Who Remembers Using One of These?

Warning:  You will be dating yourself!

mimeograph machine

The stencil duplicator or mimeograph machine (often abbreviated to mimeo) is a low-cost printing press that works by forcing ink through a stencil onto paper. The mimeograph process should not be confused with the spirit duplicator process.

Mimeographs, along with spirit duplicators and hectographs, were a common technology in printing small quantities, as in office work, classroom materials, and church bulletins. Early fanzines were printed in this technology, because it was widespread and cheap. In the late 1960s, mimeographs, spirit duplicators, and hectographs began to be gradually displaced by photocopying and offset printing.

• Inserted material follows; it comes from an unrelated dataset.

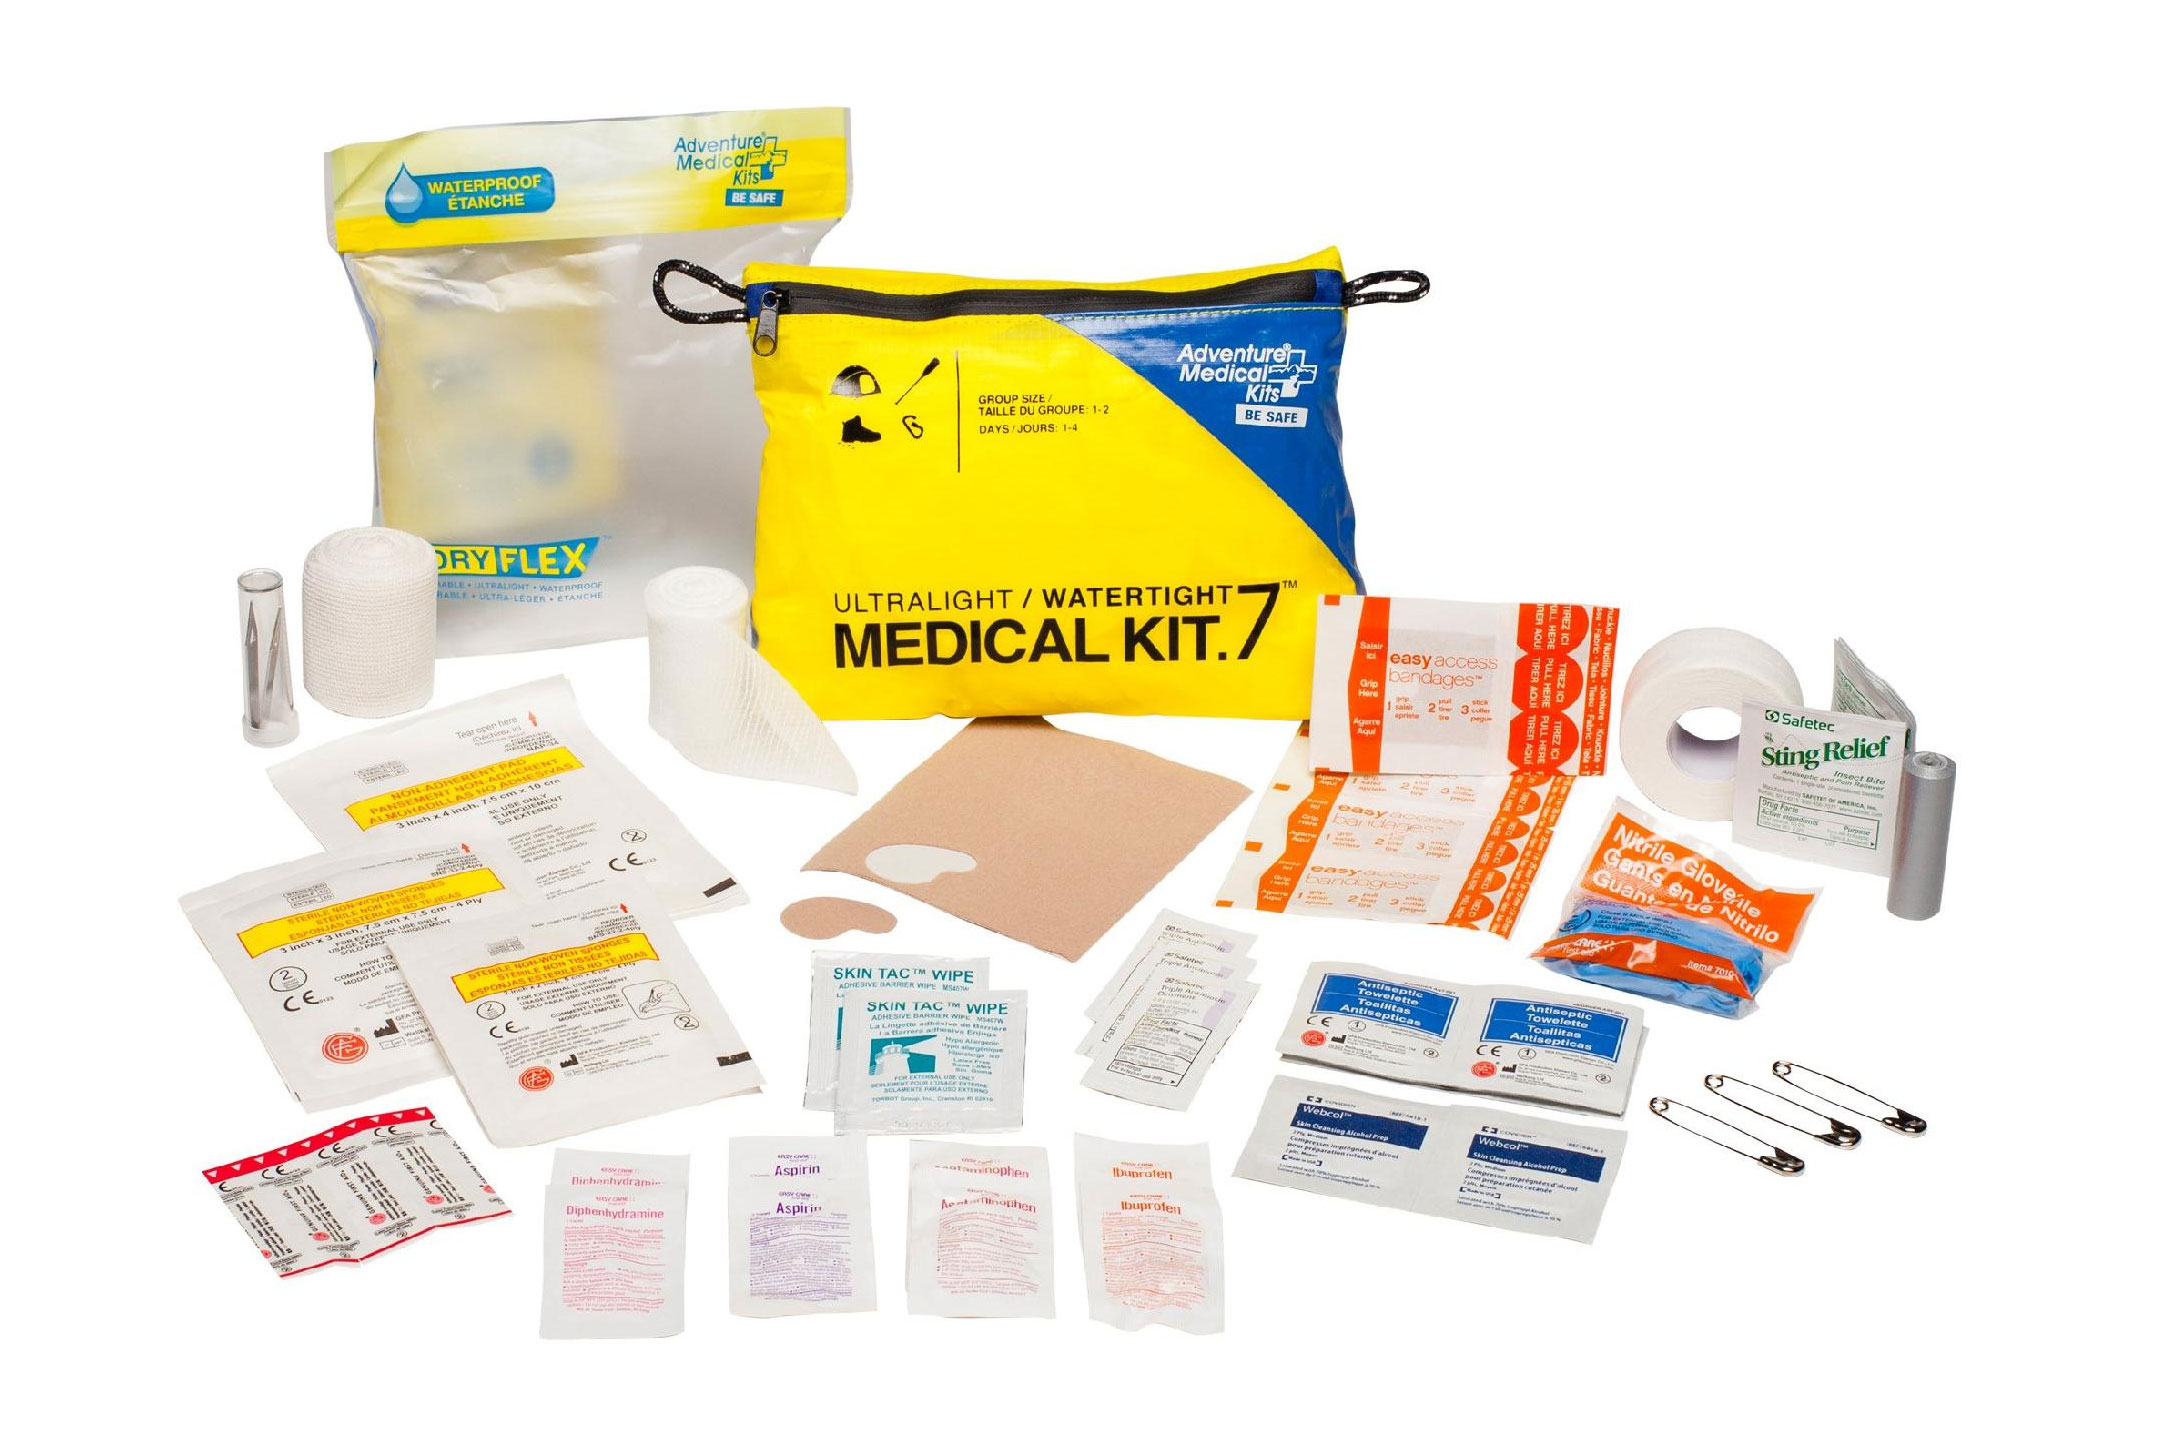 adventure medical kits ultralightwatertight .7

When I was in junior high, I worked part-time in the office at Seacraft Industries (my Dad’s scuba diving business) and learned to run that mimeograph machine.  When I was really young (5 or 6), I wrote (actually printed) and published a newspaper called The Neighborhood News which covered local news in the neighborhood like new babies, puppies, someone being sick, getting a new job, or moving, etc.  My Dad would run off copies on this same machine and I would sell them to the neighbors for 5 cents.  My love of writing and sharing information started at a very early age.  This summer Dad came to visit me at the gallery and brought an edition of The Neighborhood News that he had found.  It was still in amazingly good condition.  I don’t know what I did with it.